Можно предположить, что замысел биографического фильма о Достоевском естественным образом возник у Тарковского как бы в продолжение работы над «Страстями по Андрею» (1966) и скорее всего столь же естественно рассеивался на фоне тяжелейшей приемки фильма в Госкино. Любопытно, что параллельный интерес к Толстому развивался у Тарковского по той же логике: идее экранизации произведения («Смерть Ивана Ильича») сопутствовало желание обратиться к биографии писателя (замысел фильма «Бегство» на тему «ухода великого старца»). Можно заметить, что ближе к концу жизни, особенно в период эмиграции, интерес Тарковского к Достоевскому и Толстому явно проходит под знаком приоритета последнего. Это может быть связано с эволюцией духовного опыта режиссера, который в эти годы явным образом тяготел к внеконфессиональному религиозному синкретизму, в то время как период второй половины 60-х – начала 70-х, когда читательские предпочтения, если судить по дневнику, были на стороне Достоевского, был отмечен более активным поиском духовных ориентиров в недрах православной традиции и русской религиозной философии[10].
Однако вернемся к движению в сторону постановки «Идиота». Уже через три дня после первого упоминания появляется запись, выражающая режиссерское сомнение в перспективности замысла: «Еще раз перечитываю "Идиота". Я бы не сказал, что ставить его просто. Очень трудно сделать сценарий. Материал романа грубо делится на "сцены" и на "описание сцен", т. е. перечисление того, что произошло важного для развития рассказа». В тот же день Тарковский посетовал: «Конечно, самый цельный, стройный, гармоничный и наиболее близкий к сценарию у Достоевского – [роман] "Преступление и наказание". Но его испохабил Лева Кулиджанов» [85]. Типичная для Тарковского желчная оценка чужого творчества в данном случае явно связана с ревностным отношением режиссера к творчеству Достоевского. Эта творческая ревность, присущая Тарковскому, станет катализатором возобновления интереса к «Идиоту», когда он казался уже практически иссякшим.
Уже 15 февраля, то есть спустя две недели после первой записи, он разочарованно пишет: «Перечитал «Идиота». И почему-то идея постановки его для меня поблекла и увяла.

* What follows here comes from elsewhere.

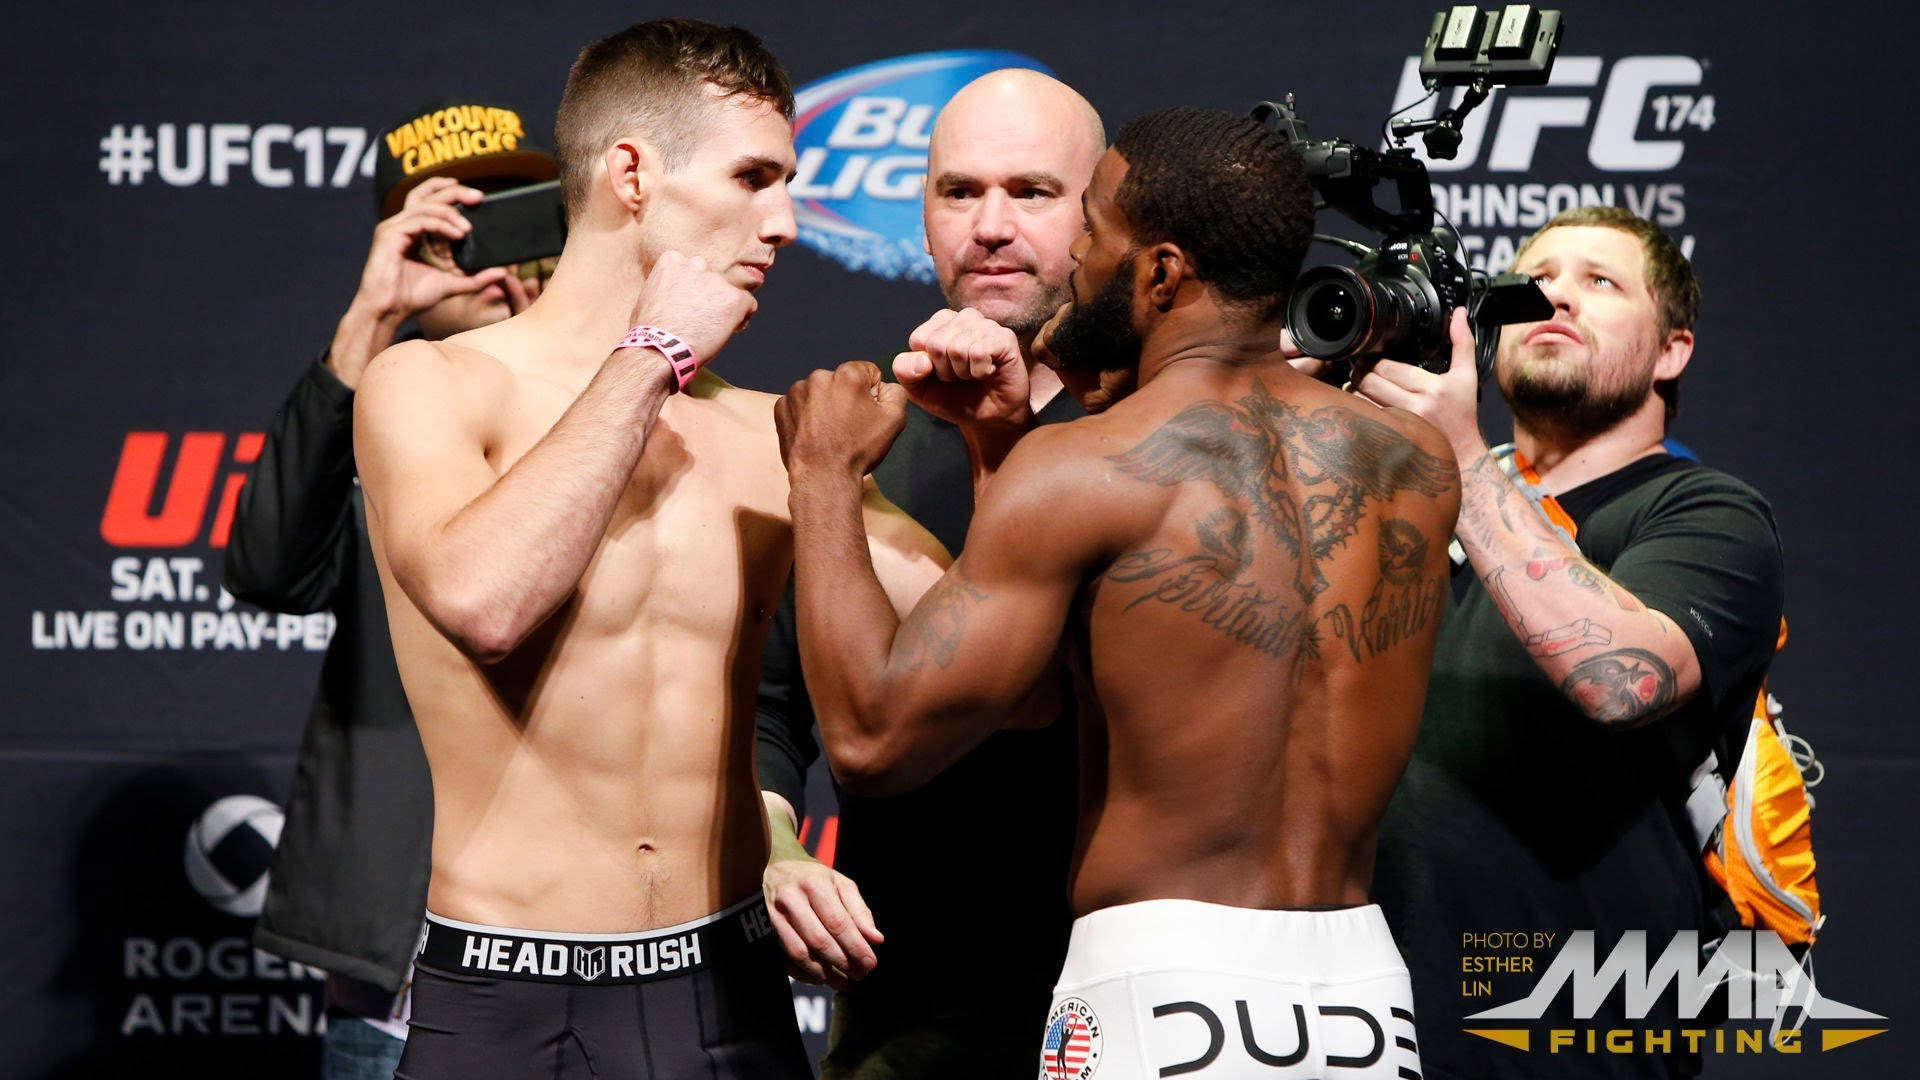 Tyron Woodley Against Rory Macdonald

Мне почему-то было скучно его читать» [87], а спустя три дня Тарковский уже начинает поиск замены «Идиоту»: «После неудачного чтения "Идиота" решил перечитать "Подростка". Разговор по поводу "Идиота" с Лапиным откладывается» [93]. Упоминание двух других романов «пятикнижия» Достоевского в контексте неудачного перечитывания «Идиота» кажется мне весьма показательным: словно Тарковский испытывал стихийное желание экранизировать прозу Достоевского в принципе, не сосредотачиваясь на образной системе того или другого романа. Об этом свидетельствует и то, что идея постановки романа предшествует его чтению. Выбор в пользу «Идиота», видимо, был мотивирован исключительно его вакантностью, что недвусмысленно оговаривается в заявке на фильм: «Почти двадцать лет назад И.А. Пырьев снял одну серию "Идиота", "заинтриговав" зрителя. Работу свою по неизвестным нам причинам он не закончил. <…> Но сегодня очевидность такова, что до сих пор один из трех лучших романов Ф.М. Достоевского не имеет своего законченного кинематографического воплощения» [34].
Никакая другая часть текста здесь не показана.